Editor’s note

Journal of Business Strategy

ISSN: 0275-6668

Article publication date: 5 January 2010

438

Citation

Healy, N. (2010), "Editor’s note", Journal of Business Strategy, Vol. 31 No. 1. https://doi.org/10.1108/jbs.2010.28831aaa.001

Publisher

:

Emerald Group Publishing Limited

Copyright © 2010, Emerald Group Publishing Limited


Editor’s note

Article Type: Editor’s note From: Journal of Business Strategy, Volume 31, Issue 1

In October I attended the Strategic Management Society Annual Conference in Washington, DC. Although I have attended the conference a number of times, this year the gap between academia and the work world seemed particularly obvious. The overwhelming majority of papers and sessions were research-oriented. It was often difficult for a “lay” person to understand even the titles of many presentations. let alone the content. So once again I’m wondering how this research gets funneled into the corporate world.

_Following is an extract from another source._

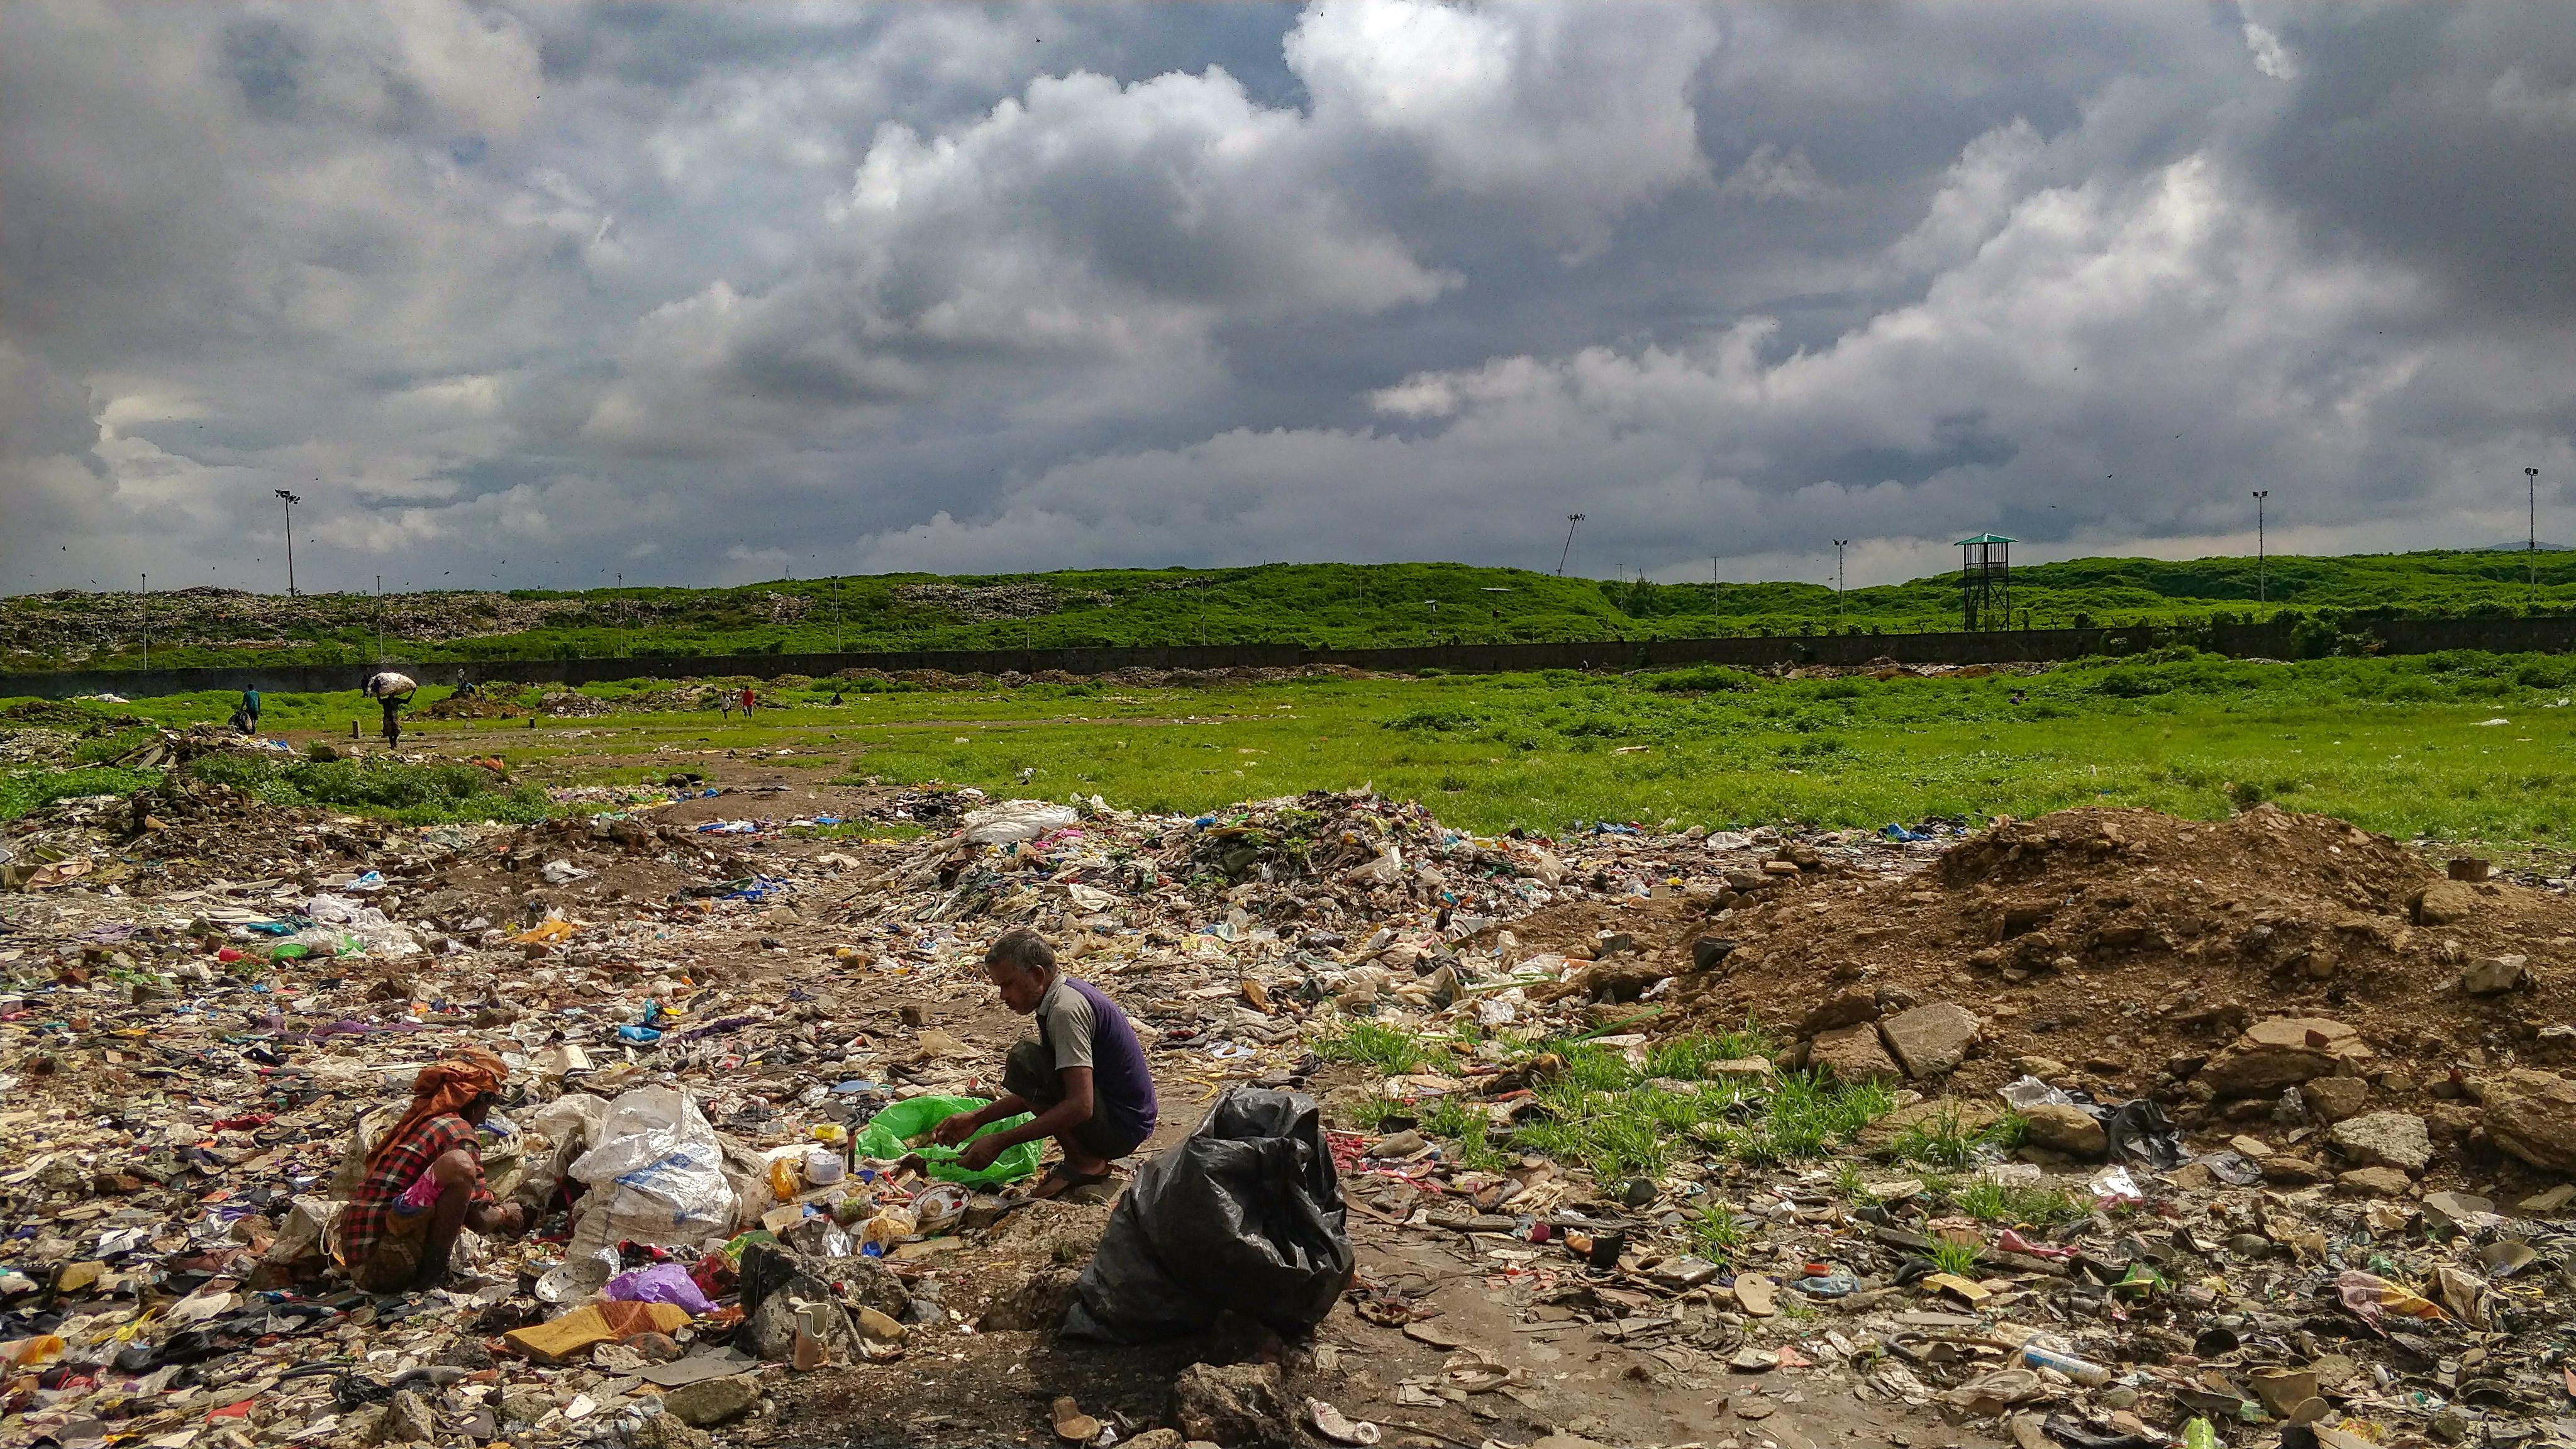 1568802609969-Ragpickers-at-Deonar-garbage-dump-8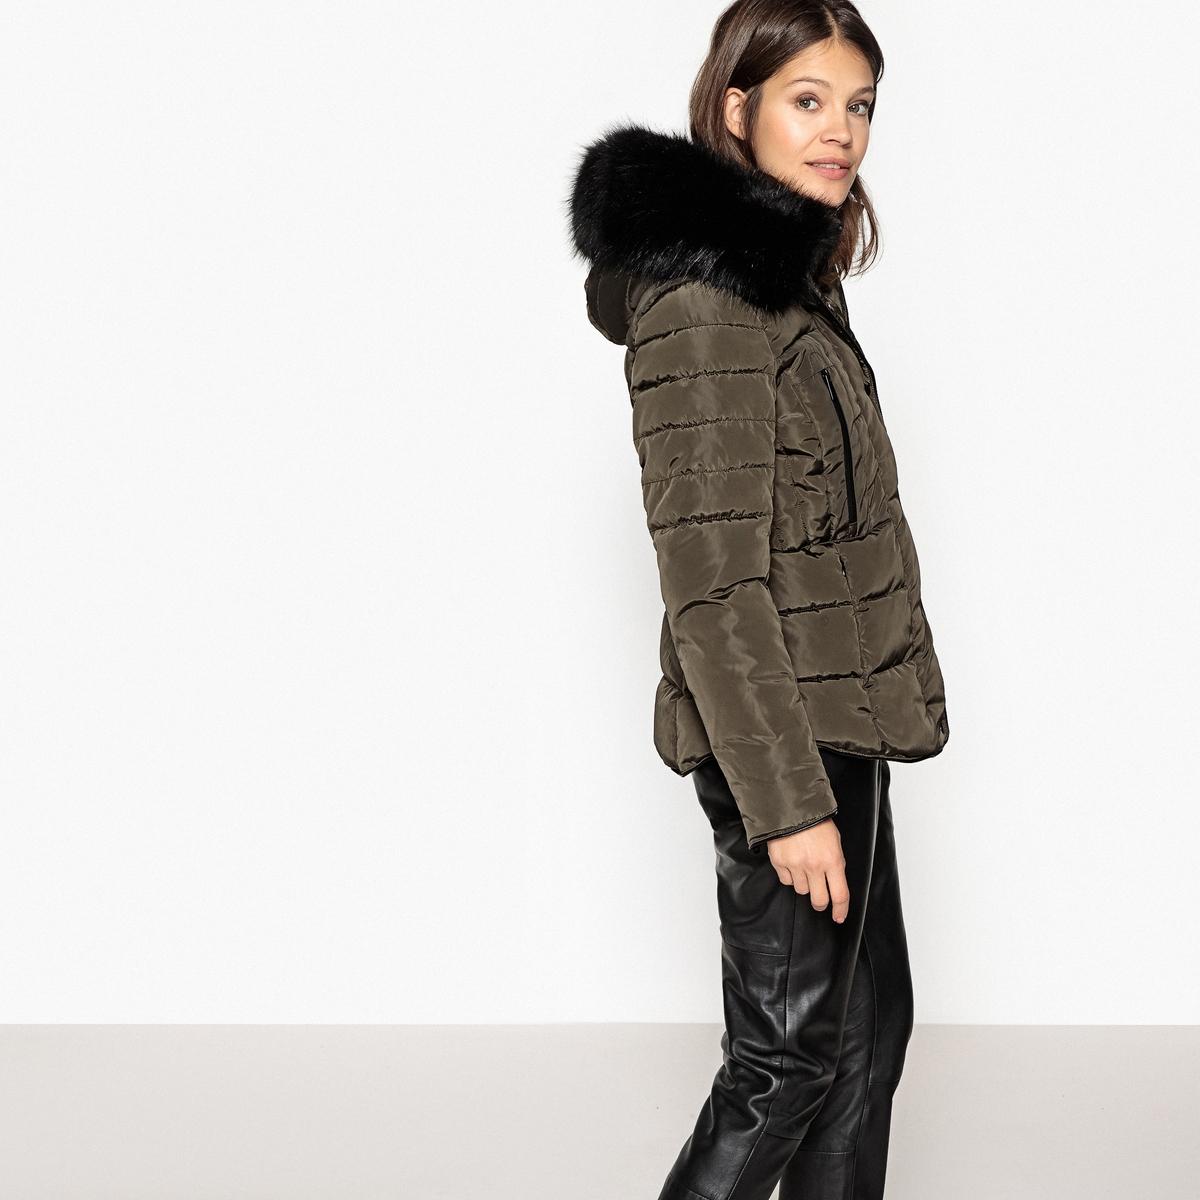 Куртка стеганая короткая с капюшономОписание:Короткая и теплая стеганая куртка OR60H17 MOLLY BRACKEN. Капюшон со съемным искусственным мехом. Стоячий воротник отлично защищает от холода . Карманы на молнии.Детали •  Длина  : укороченная •  Воротник-стойка •  Застежка на молнию •  С капюшономСостав и уход •  100% полиэстер •  Следуйте советам по уходу, указанным на этикетке<br><br>Цвет: хаки<br>Размер: M.S

The knowledge migration occurs, I suspect, in two primary ways. MBAs and other business students who join the corporate world import their knowledge and presumably apply their book-learning to real-life situations. But as time passes, experience tends to supplant reliance on scholarship and research becomes outdated. Consultants may provide the second way knowledge moves from ivied halls to the C-suite. If a company uses a consulting firm, and if the firm is in close contact with leading business school researchers, then the latest ideas may indirectly be applied to business situations.

I spent the major part of my career working at the senior level in leading corporations and financial institutions. I was present at many decision-making sessions about a wide variety of issues and it seemed that executives made decisions based on experience and input from colleagues, not from research.

This leaves us – academics, consultants and business executives – in the same bind we have struggled against for years. I don’t see any progress toward closing the gap between town and gown in the business arena and I’m eager to hear what JBS readers think about this dilemma.

On a more immediate note, we have in this issue of JBS a number of articles that practitioners should find provocative and readable. First on the list is a paper that focuses on a pressing concern: how to retain customers during and after a recession. We are told by various experts that the recession is over, but the unemployment rate and poor retail sales impart a different message. “Jilted? The manager’s little book for keeping customers in a recession” offers some pithy evidence that businesses do not have to see their customer base erode if they take careful strategic measures.

Two of our papers talk explicitly about innovation, which seems to define our era as a preeminent value for organizations. But achieving it in a corporate environment, and continuing to innovate over many years, eludes most companies. Charles McMillan adapts Porter’s Five Forces to a model of organizational innovation and leadership, while Christiane Prange and Bodo Schlegelmilch discuss the propensity of a company to innovate in distinct ways consistent with its “DNA.”

Sooksan Kantabutra and Gayle Avery, in tackling the familiar topic of vision statements, find they are not only essential, but can also influence performance in positive ways.

Effective corporate communications, too, can not only influence performance in profound ways, but at last we have a method to measure its impact. Courtney Barnes and Reid Walker team up to describe how executives can adapt Lean Six Sigma methodology for improving communication processes and measuring them.

We hope you enjoy these feature articles as well as our columnists and look forward to hearing from our readers.